▶ **RECORD EXTRACTS**:

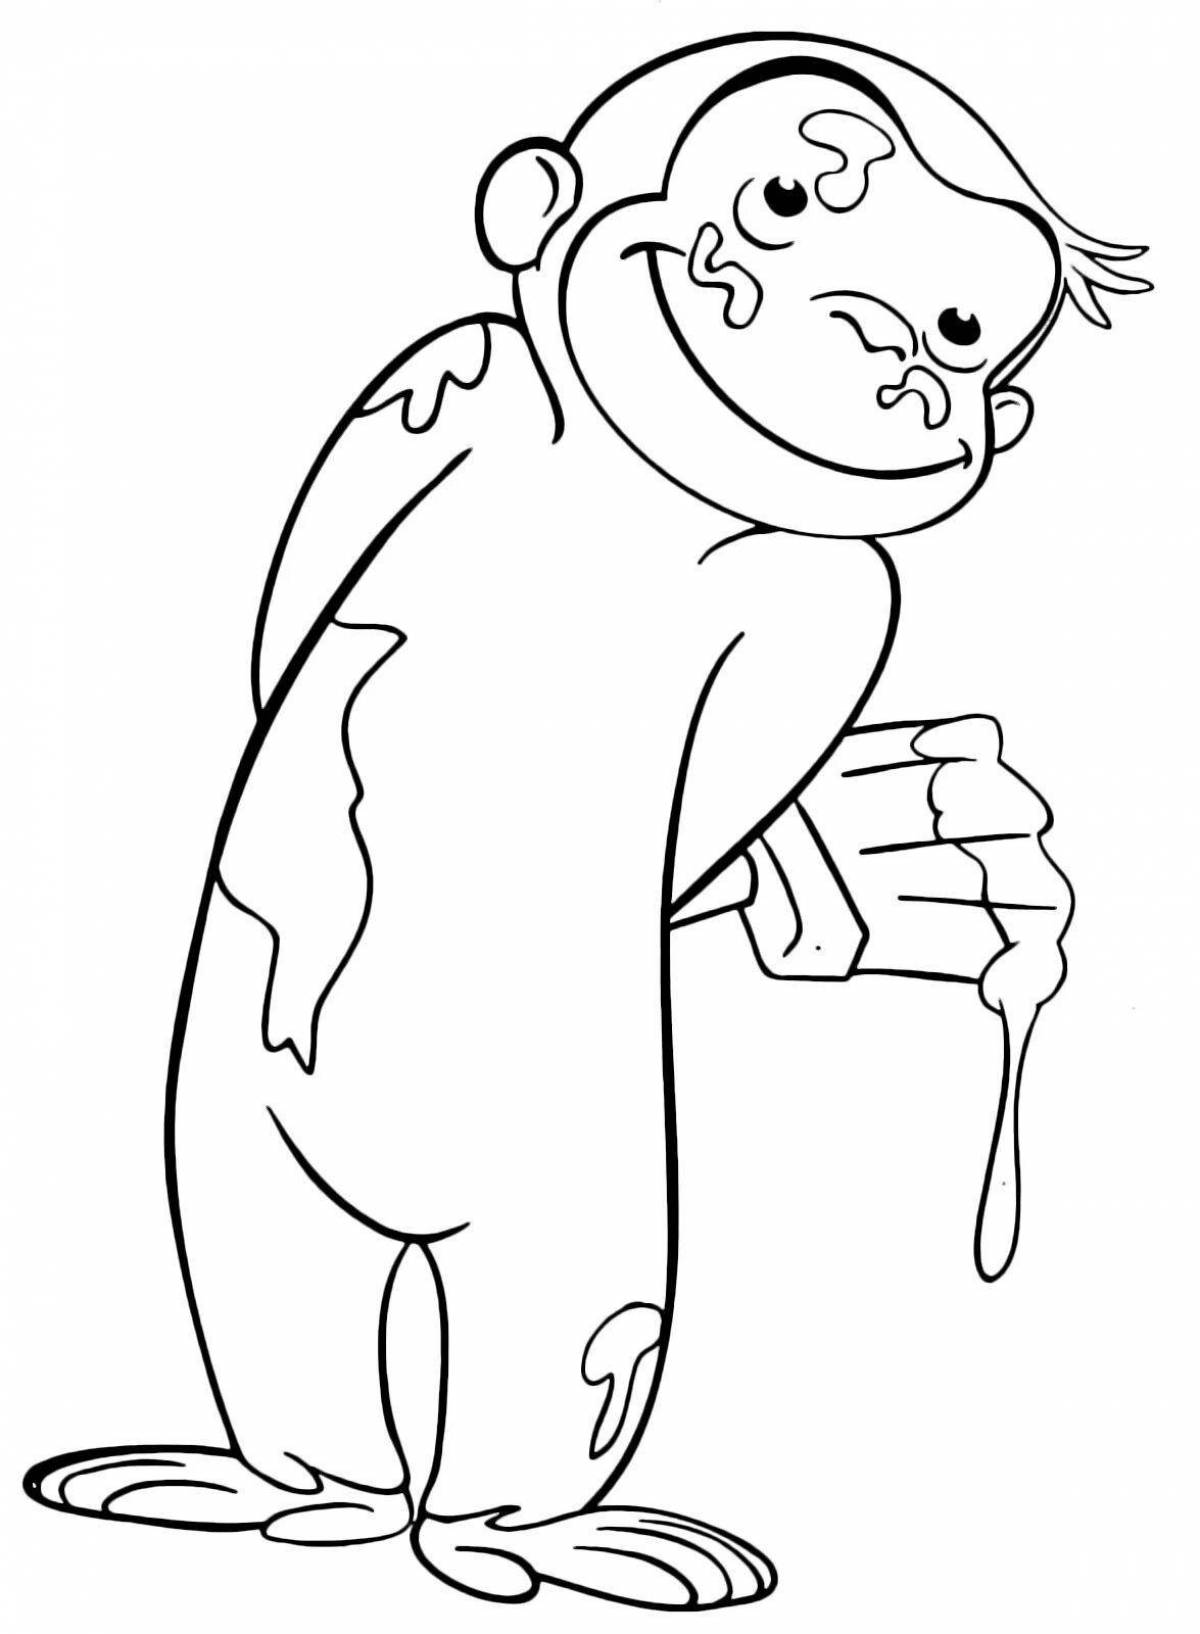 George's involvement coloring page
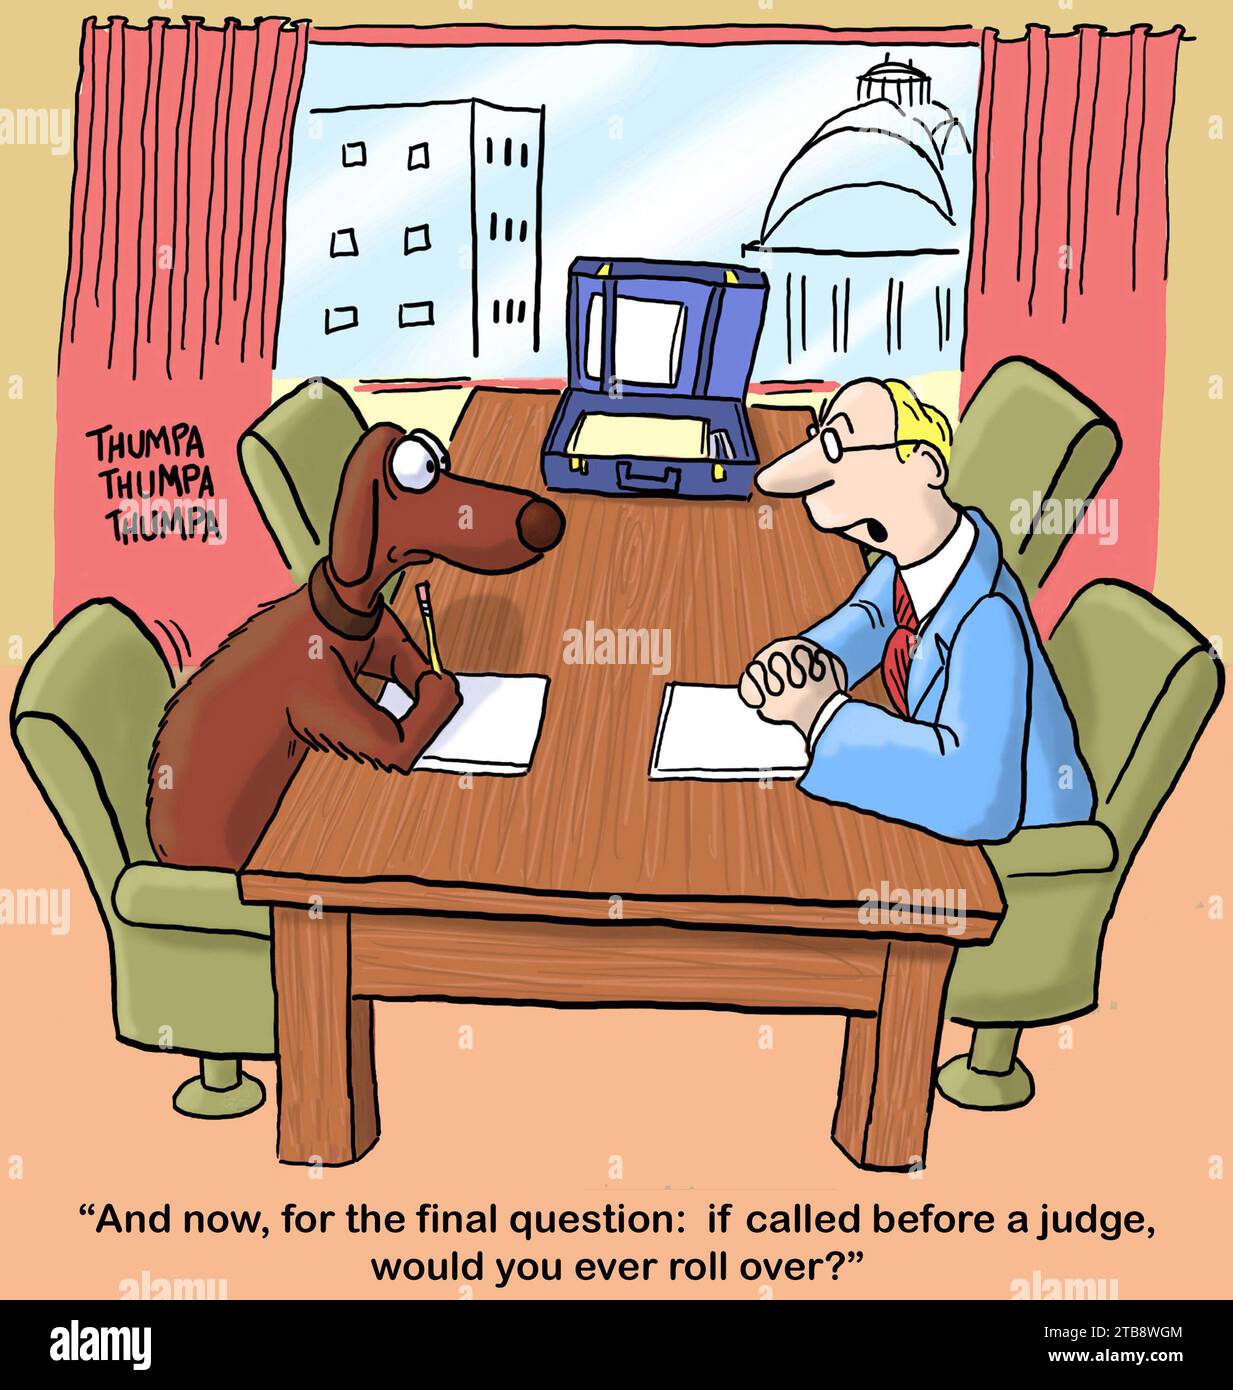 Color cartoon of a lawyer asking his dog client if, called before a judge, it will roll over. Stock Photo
--
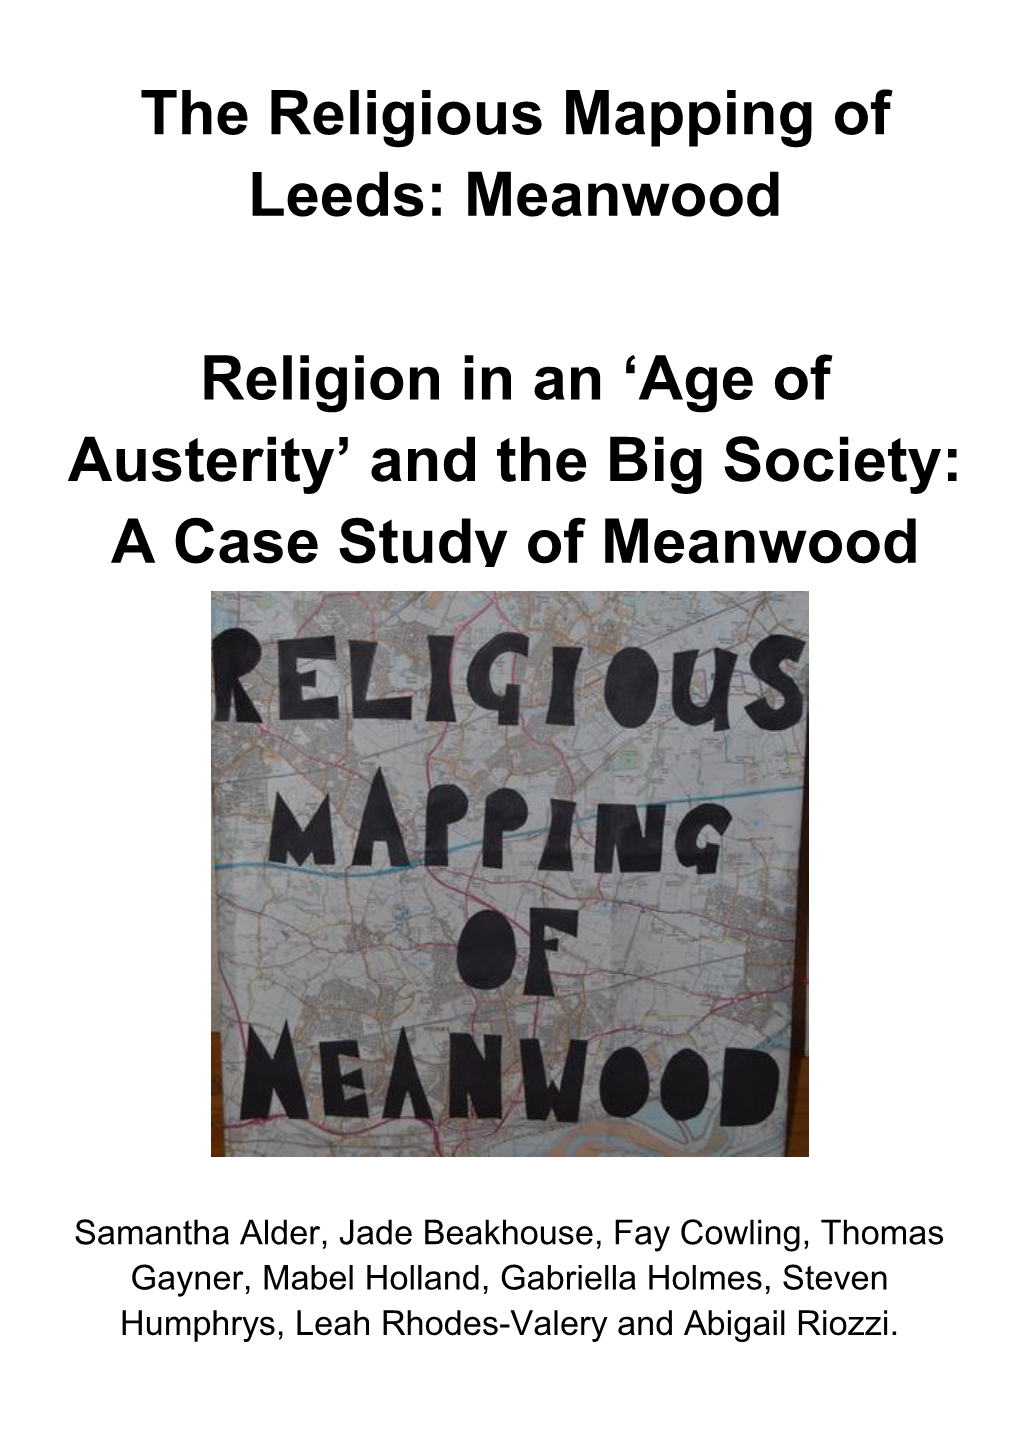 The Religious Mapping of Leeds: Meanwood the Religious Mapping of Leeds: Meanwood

▶ **HOW TO COMPLETE THIS TASK**: Because only one stretch of the records is wanted, please output the lines from the one holding "George's involvement coloring page" through the one holding "Color cartoon of" exactly, both included, and leave every picture out.

▶ **RESULT OF THE EXERCISE**:
 George's involvement coloring page
 Color cartoon of a lawyer asking his dog client if, called before a judge, it will roll over. Stock Photo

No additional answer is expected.